Suddenly, with twinkling eyes, he turns to the audience and says, "I have tricks in my pocket. I have things up my sleeve." With a wave of his arm, the workaday man is standing in an amber pool of light. A flick of his bony wrist produces tinkling ancient melodies, the sort that hang over memory. As he tells us, "The play is memory, [and] in memory everything seems to happen to music." So opens director Michael Wilson's exquisitely human take on Tennessee Williams's mythic-sized masterpiece The Glass Menagerie. It is a simple, subtle and stunning opening to a production that rolls out over the evening and becomes, in the end, as fine and powerful as anything the Alley has produced in years.
There is much to praise here. Wilson has cracked open this modern-day tragedy and found in it all the domestic humor, familial intimacy and mournful sadness that makes it one of the most important American plays of the 20th century.
Because Menagerie is driven by character and language, casting is paramount. Wilson's choices could not have been richer or smarter. Each of the four dreamers who populate this tattered landscape adds dimension and depth. Amanda Wingfield, Tom's meddling and maddening mother, is one of the most coveted female roles in the American canon. The original single mom who's every bit a survivor, Amanda speaks like a poet and scales through a deliriously lush emotional landscape. Often she is played as a tyrant as she holds court over her pathetic children, or as a frail fading flower who's withering into senility. Not so in this production.
Elizabeth Ashley, who was a friend to Williams and has won critical praise for her work in his plays, finds a surprisingly lovable and sexy side to this willful, aging mother. Her Amanda sashays with old-time Southern grace about the dilapidated apartment. She serves up lemonade, incessantly needles her son, and entertains daughter Laura's first ever "gentleman caller" with such effervescent charm that when she tells the story of her own coquettish past, filled with days in which she received "17 gentlemen callers," we believe her completely. Ashley's Amanda is built of steel, which enables her to provide for her children despite the fact that her husband, the telephone man who "fell in love with long distance," abandoned the family years ago.
As Amanda's henpecked son, Robert Sella finds in Tom all the crushing poetic angst that could drive a decent young man to do bad things. Sella's bony, angular face is shadowed with all the unmet desire that burns inside Tom. At the shoe factory where he works, he spends so much time in a broom closet writing poetry that his only friend calls him Shakespeare. At night, he escapes his mother's constant badgering by going "to the movies," though, as Amanda points out, the movies don't last until the wee hours. Sardonic and smart, Sella's Tom also walks with the bone-deep sadness that comes from a lonely life filled with mind-numbingly dull work and dark secrets. The only one he can openly care for is his sister. And late one night, when he brings home a magician's scarf, he gives it to her in an act of heartbreaking generosity.

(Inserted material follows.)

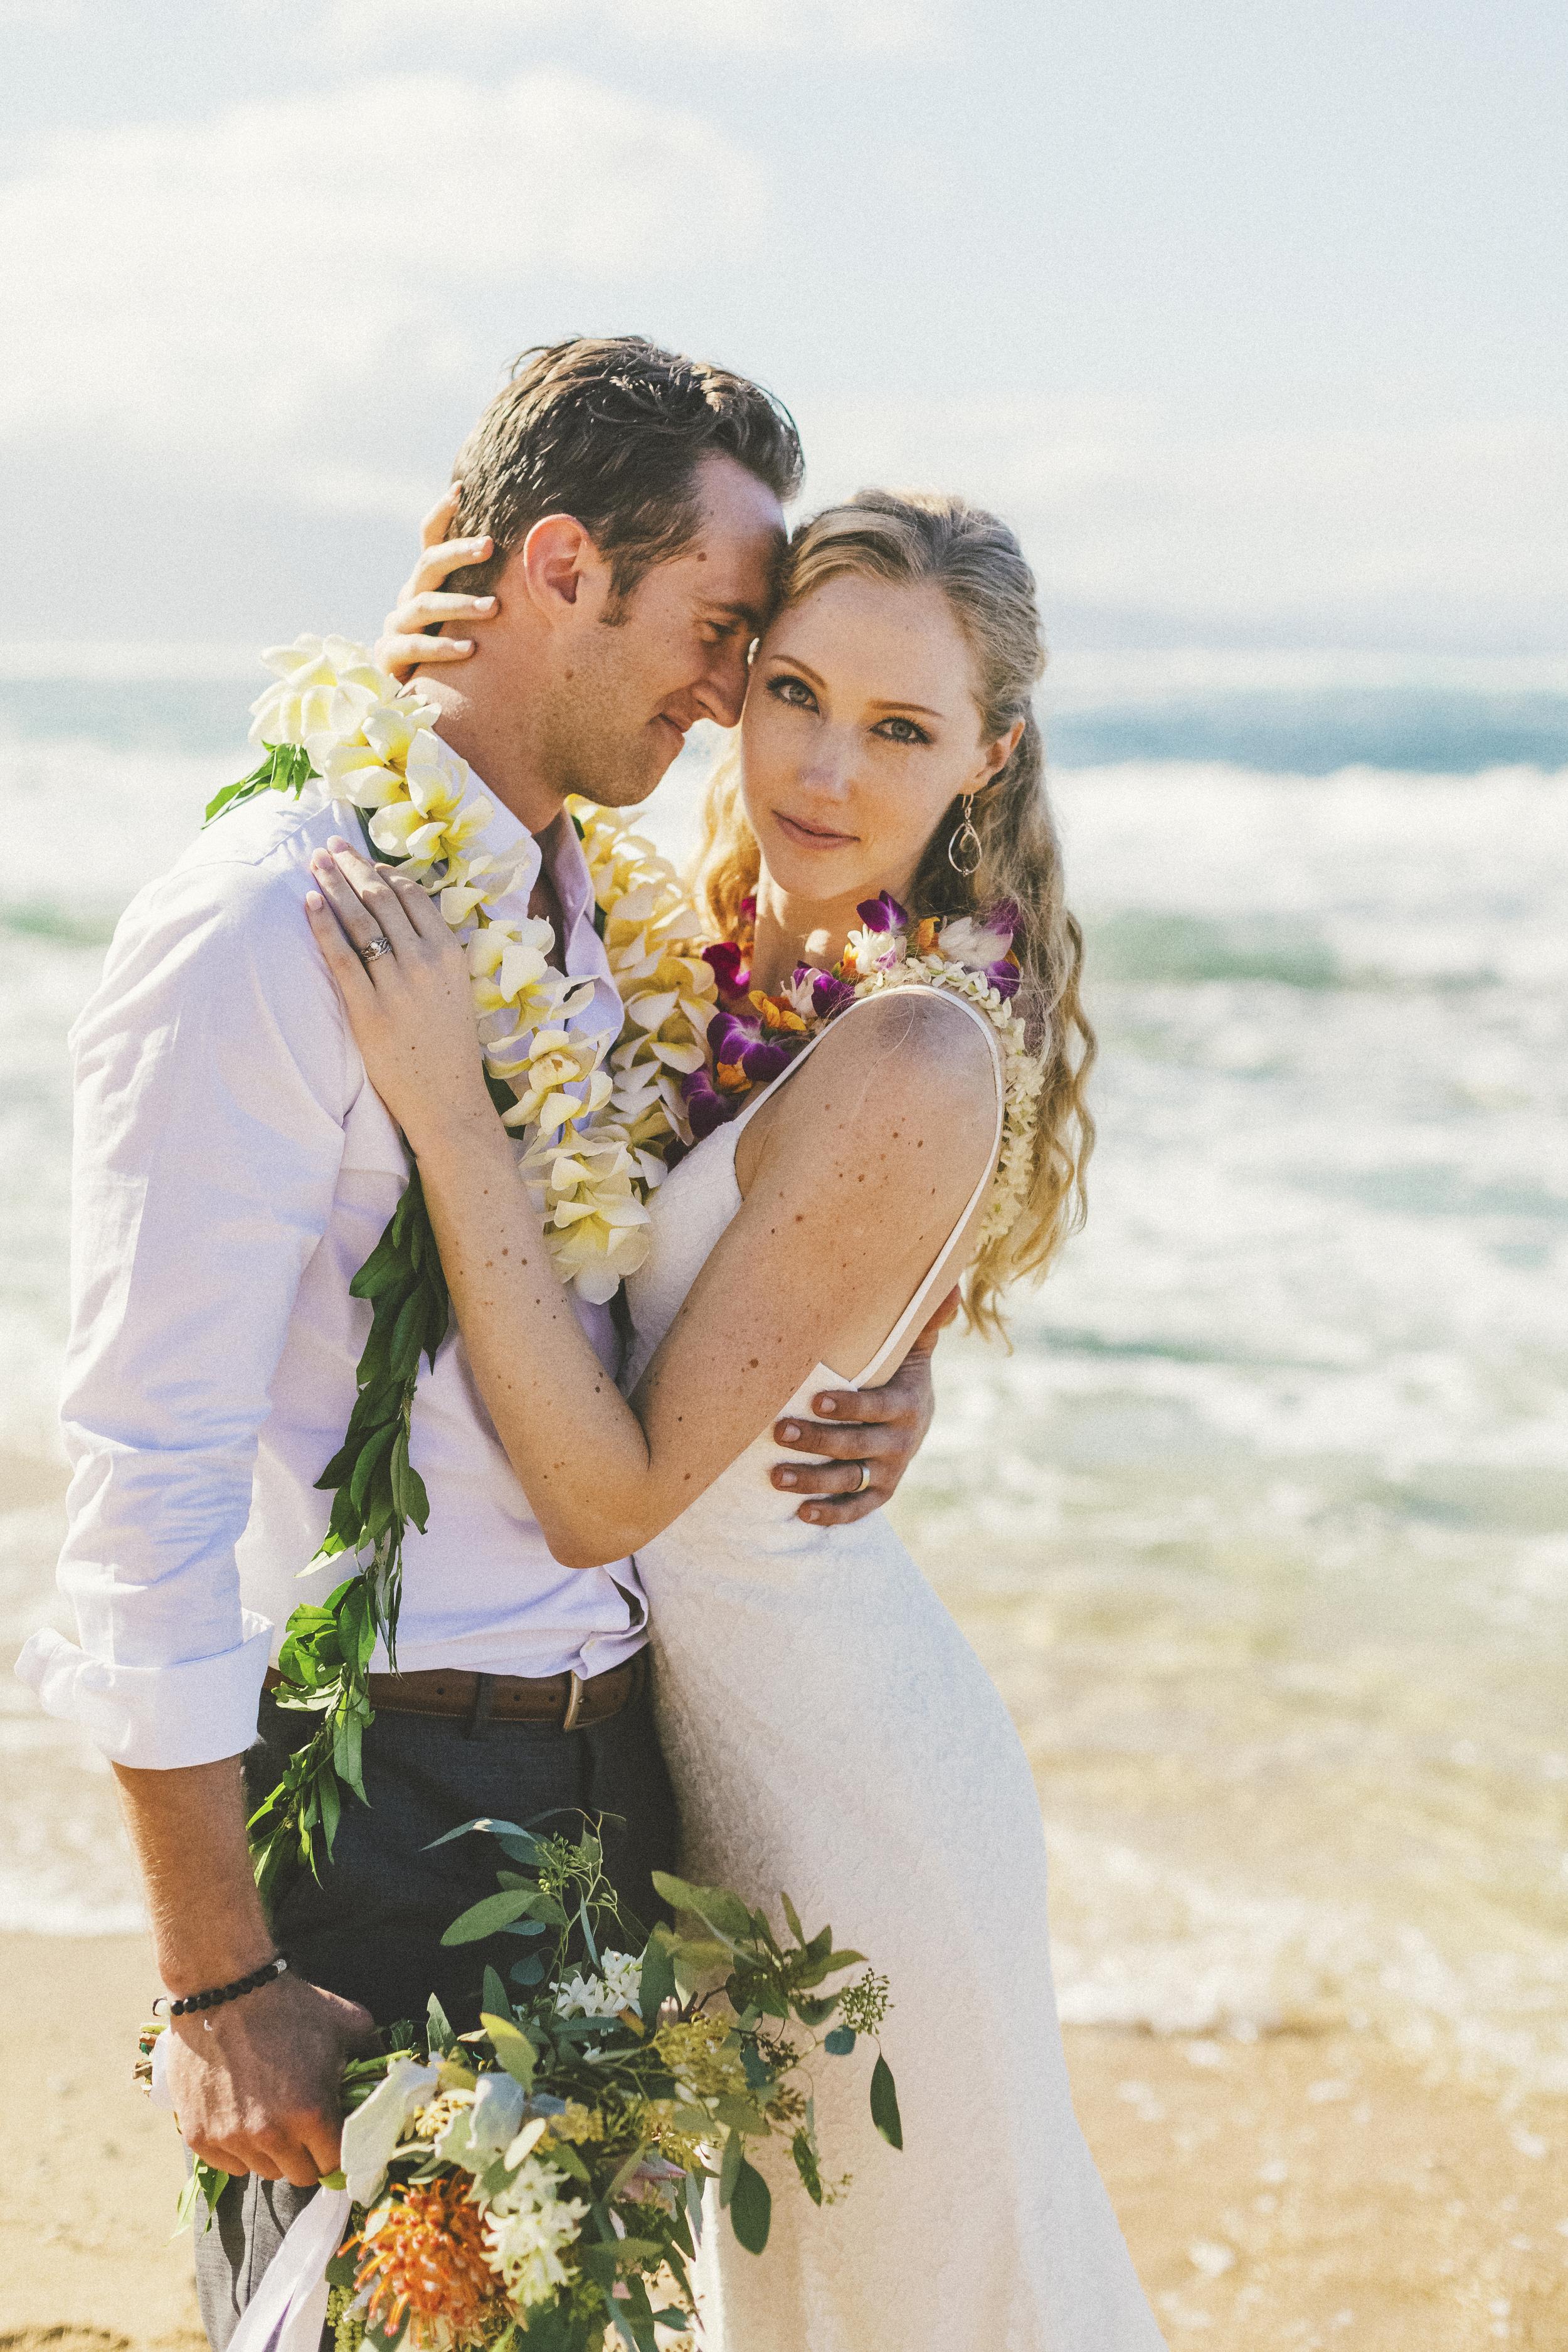 angie-diaz-photography-maui-wedding-73.jpg

Tom's sister Laura is often so underplayed that the character becomes an absolute cipher. But here, under the care of Anne Dudek, she is a fascinating creature, almost otherworldly for all her strange and wide-eyed beauty. Crippled by extreme shyness, Laura has retreated into a childish world of glass figurines. Amanda has tried to turn her aging maid of a daughter into a businesswoman, only to discover that Laura dropped out of school because she vomited in the classroom. Amanda's last hope for Laura is marriage, an unlikely occurrence given her personality. But Tom manages to find a man to bring home, and Amanda sets about making Laura over. During this scene, the tall and waiflike Dudek slumps to her mother's fussing. All elbows and bony fingers and dressed in girlish ribbons and bows, she looks ridiculous at first. But during the famous "Gentleman Caller Scene," when she falls in love for the first time, Dudek's Laura becomes luminous.
Indeed, Grant Show's Jim is a man most girls could love. Self-involved, and well-intentioned, the handsome braggart works his charms on Laura in an effort to apply the pop-psychology lingo he's learning in "night school." He decides that Laura's problem is an "inferiority complex," which he sets about to fix on the night he comes to call. Of course, Jim, who is taking public speaking courses and talks with all the poetry of a radio-show host, has the sensitivity of a "stumble john."
A powerful and unrelenting rhythm pulses throughout these scenes. The family is hysterically funny, especially when they fight, screaming, "Go to the moon" and "You ugly, babbling old witch" at each other. "Why can't my children be normal," sighs Amanda, and the audiences peals with laughter. She dresses herself in a funny purple chiffon frock (thanks to Judith Dolan's pitch-perfect costumes). But underneath all their comic charms, these four characters are burdened with the grief of a deep and abiding loneliness, the kind that comes from years of broken dreams and broken promises. In the end, they show us that we all need careful attention. For like Laura's frail menagerie of beautiful blown glass, lives and happiness "break so easily."